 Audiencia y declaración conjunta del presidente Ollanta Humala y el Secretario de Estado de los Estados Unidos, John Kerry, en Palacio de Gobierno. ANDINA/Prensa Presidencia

...

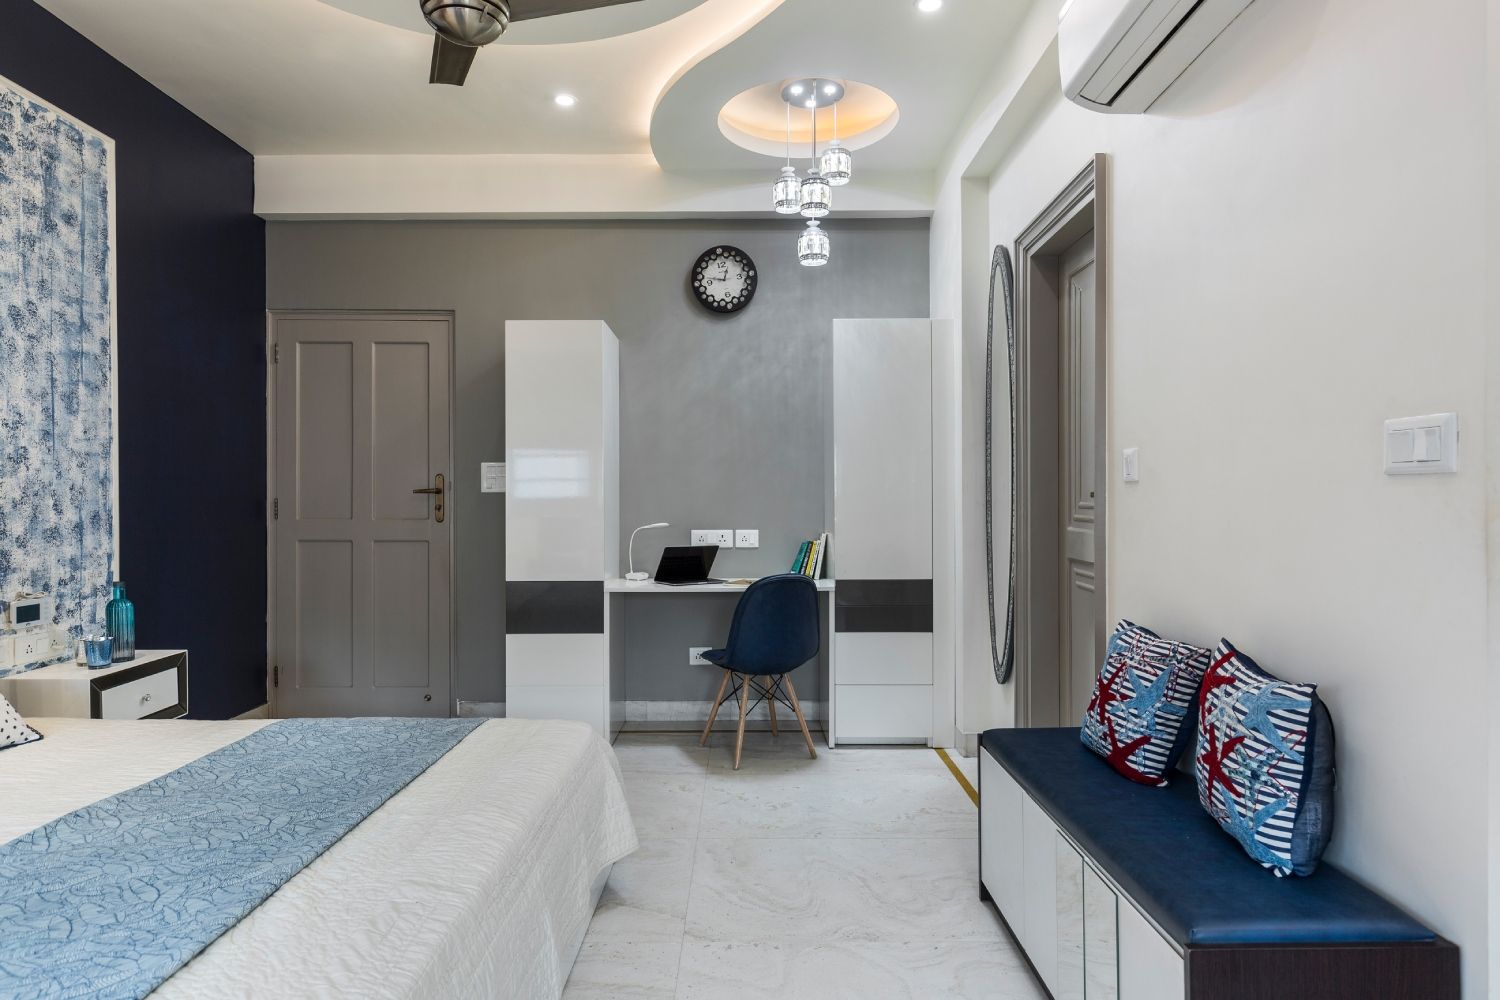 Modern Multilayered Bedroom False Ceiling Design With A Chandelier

* * *

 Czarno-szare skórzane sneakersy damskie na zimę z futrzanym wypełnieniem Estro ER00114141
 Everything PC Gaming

WORK TO COMPLETE: An exact copy of the lines above between the line holding "Czarno-szare skórzane sneakersy" and the line holding "Everything PC Gaming", inclusive, is the whole answer.

SOLUTION TO THIS TASK:
 Czarno-szare skórzane sneakersy damskie na zimę z futrzanym wypełnieniem Estro ER00114141
 Everything PC Gaming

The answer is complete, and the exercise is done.